Columbia agar medium (Difco) contained the following (approximate amount per liter): pancreatic digest of casein, 12.0 g; peptic digest of animal tissue, 5.0 g; yeast extract, 3.0 g; beef extract, 3.0 g; corn starch, 1.0 g; sodium chloride, 5.0 g; agar, 13.5 g; colistin, 10.0 mg; nalidixic acid, 10.0 mg.

BHI agar (Oxoid Ltd., Basingstoke, United Kingdom) contained the following (approximate amount per liter): calf brain infusion solids, 12.5 mg; beef heart infusion solids, 5.0 mg; protease peptone, 10.0 mg; sodium chloride, 5.0 mg; glucose, 2.0 mg; disodium phosphate, 2.5 mg; agar, 10.0 mg.

Spore production.

To produce spores, a single colony harvested from the appropriate agar plate was used to inoculate 10 ml of the corresponding degassed broth, which was then incubated for 10 days at 37^οC in the anaerobic workstation (25). At the end of this period, the cultures were centrifuged (Heraeus Biofuge Primo R; Fisher, United Kingdom) at 5,000 × g for 15 min at room temperature, and the supernatant was discarded. The retained pellet was then resuspended in 10 ml sterile deionized water (SDW) and centrifuged at 5,000 × g again. This washing cycle was repeated a further two times, at the end of which the spore pellet was resuspended in 1 ml of SDW, heated to 80°C for 10 min to inactivate any remaining vegetative cells, and subsequently stored at 4°C.

Spore enumeration and viable-colony counts.

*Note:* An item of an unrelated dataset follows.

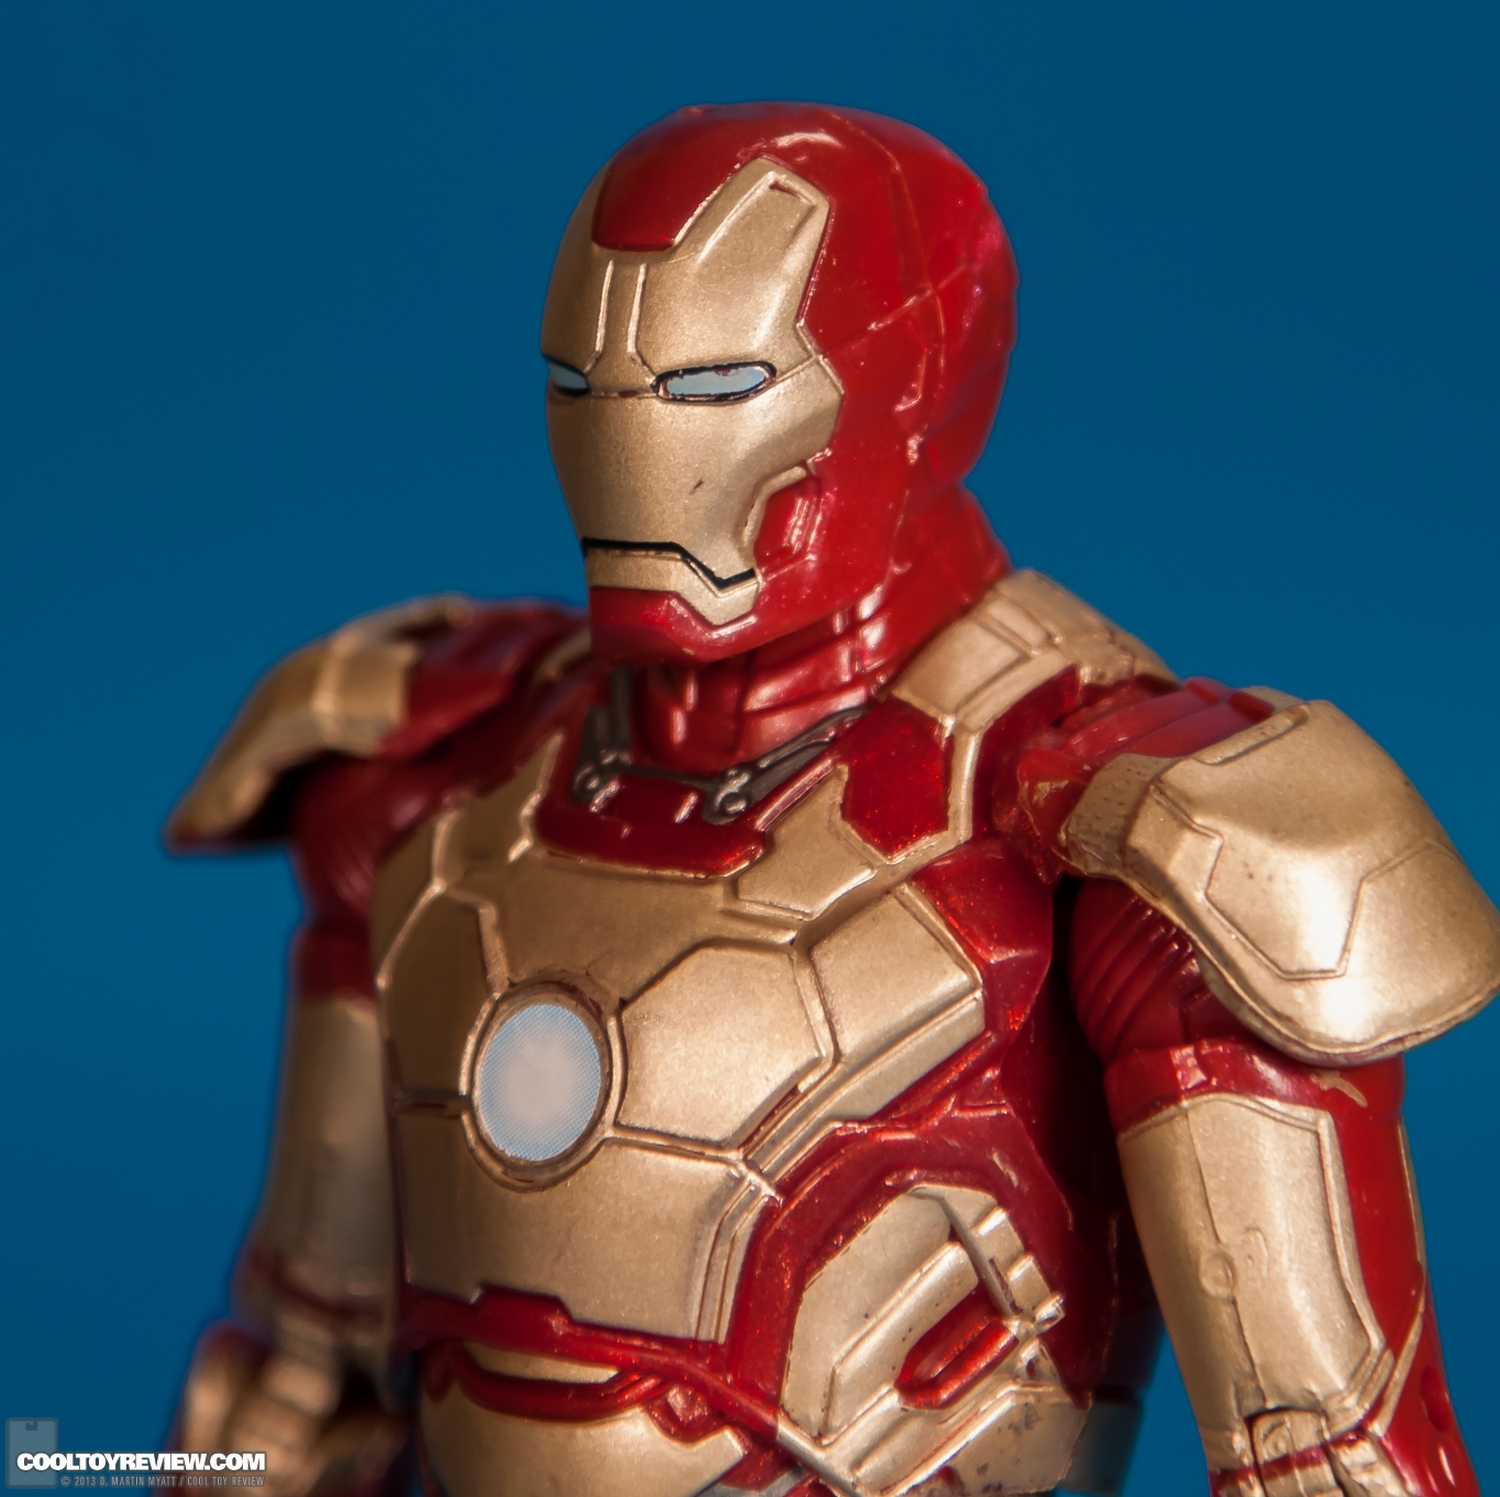 Iron-Man-Mark-42-Marvel-Legends-Iron-Monger-Series-007.jpg

The number of spores produced following broth culture was determined using a drop count method based on that of Miles et al. (20). An aliquot of 20 μl of extracted spores was serially diluted in degassed sterile broth medium (180 μl) using a microtiter plate (Sterilin Ltd., Teddington, Middlesex, England) until a dilution down to 10⁻¹⁰ was achieved. A total of three 10-μl aliquots from each dilution were then spotted onto the surfaces of the appropriate degassed agar plates (neat to 10⁻¹⁰). To determine the effect of sodium taurocholate (Sigma-Aldrich, Dorset, England) on spore germination, plates with and without 1% sodium taurocholate were used to determine the presence of viable colonies. Once inoculated, the spots were allowed to dry at 25°C, and the plates were incubated anaerobically for 48 h at 37°C. CFU from each spot on the microtiter plate were then counted, and the mean number of CFU per milliliter was determined by multiplying the mean number of CFU by the dilution factor. The percent spore germination was calculated by dividing the number of spores germinated without taurocholate in the medium by the number of spores germinated with taurocholate in the medium. This value was then multiplied by 100 to obtain the percent germination.

Transmission electron microscopy (TEM) studies.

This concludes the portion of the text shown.